I feel horrible for the thousands of families displaced because of this. And of course, those that bear the brunt of the responsibility are doing everything possible to avoid any sort of consequence.

“This is a mini-Chernobyl,” Mike Antonovich, the LA county supervisor, told a public hearing at the weekend.

And while somewhat comparable in scope, the difference is that with the gas leak, once it is fixed, the residents will be able to return to their homes whereas the area surrounding Chernobyl are still, and will remain for quite some time, uninhabitable by humans.

They do plan on siphoning off some of the escaping gas to try and recapture some of the odorant and other volatile compounds, but they don't say how much of the flow they will intercept. It would have to be a significant percentage to have any appreciable affect upon the overall damage to the environment.

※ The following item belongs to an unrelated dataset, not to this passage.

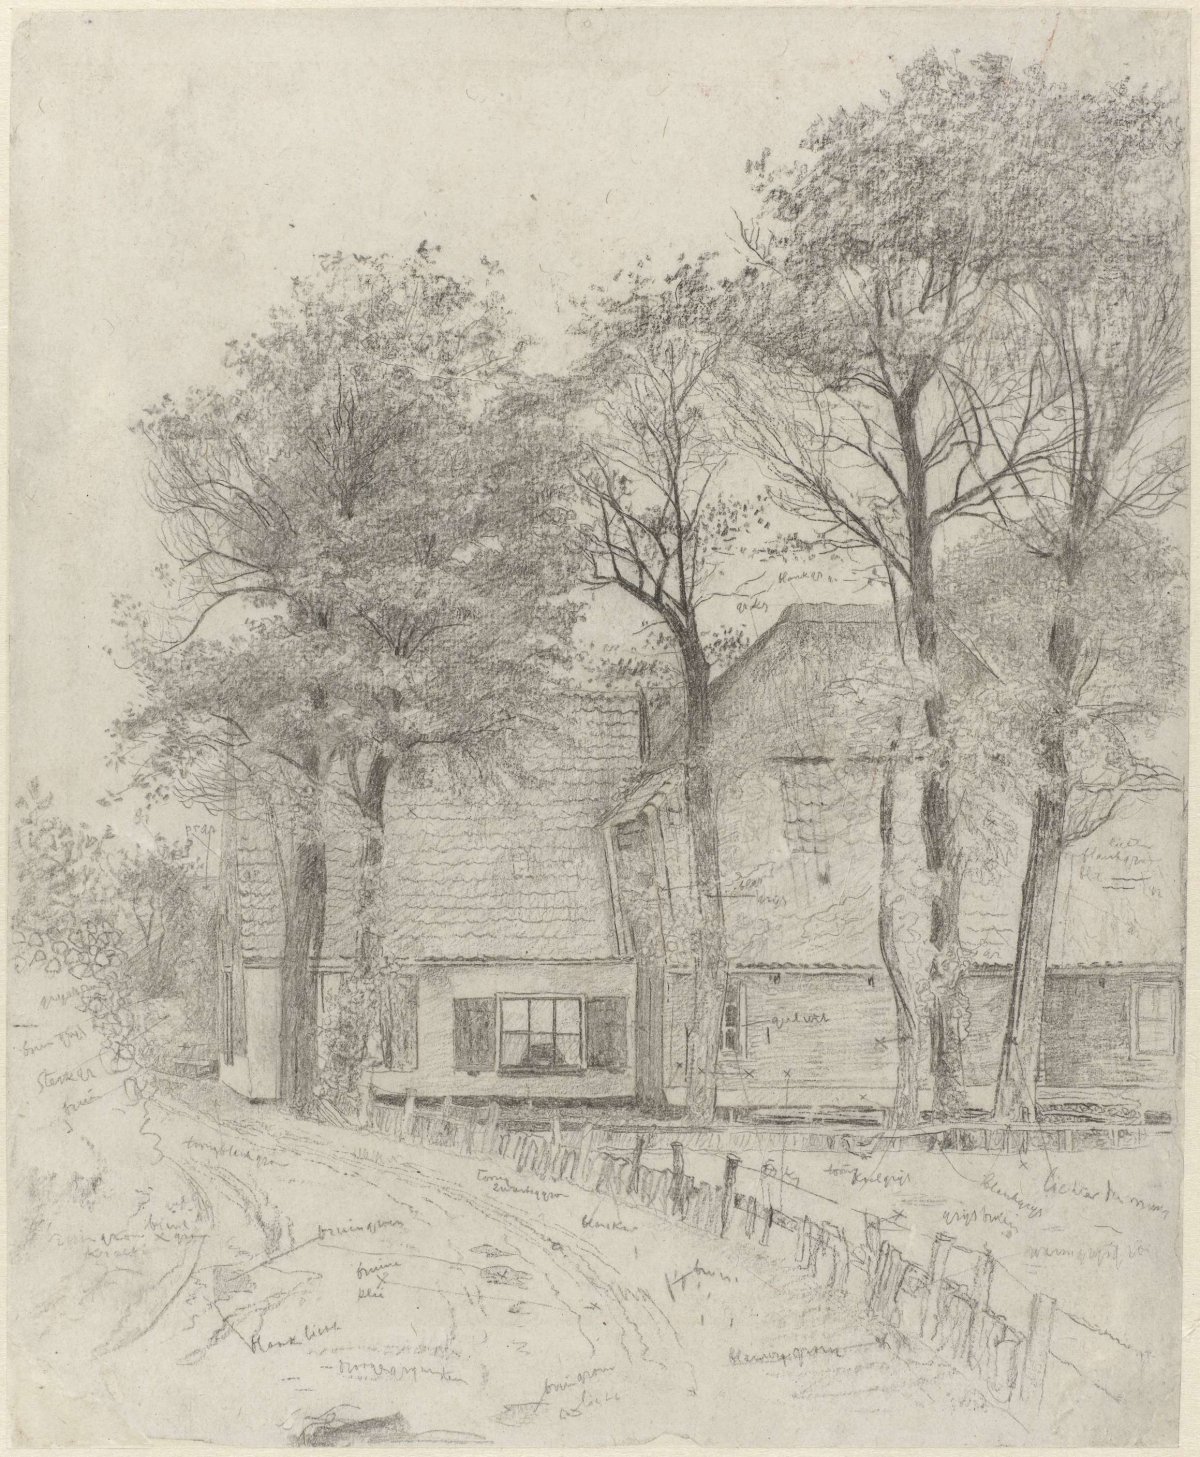 Farm near Velzen: the dwelling house and adjacent barn, seen from the road, Gerrit Willem Dijsselhof, 1876 - 1924

Are they covering up how damaging this is or could be?

Seth Shonkoff, the director of the PSE Healthy Energy thinktank, said some of the monitoring equipment deployed by the company was not capable of detecting the foul-smelling chemicals, or mercaptans, that are the cause of headaches and nausea among Porter Ranch residents.

He said the equipment used by SoCalGas was capable of detecting the chemical at concentrations at 5 parts per billion – while the human nose is sensitive to mercaptan at much smaller concentrations of 0.1 parts per billion. “Everyone can smell it. The people who are sensitive to it are getting sick. But if they are monitoring with equipment that has a limit of 5 parts per billion it will show up as a non-detect,” Shonkoff said. “It is clear that data is not being collected in a manner that is necessary to determine the extent to which there may be public health concerns.”

So because their equipment doesn't detect the contaminant, then they can say there isn't anythign present which could harm the people in the area. Slick bastards.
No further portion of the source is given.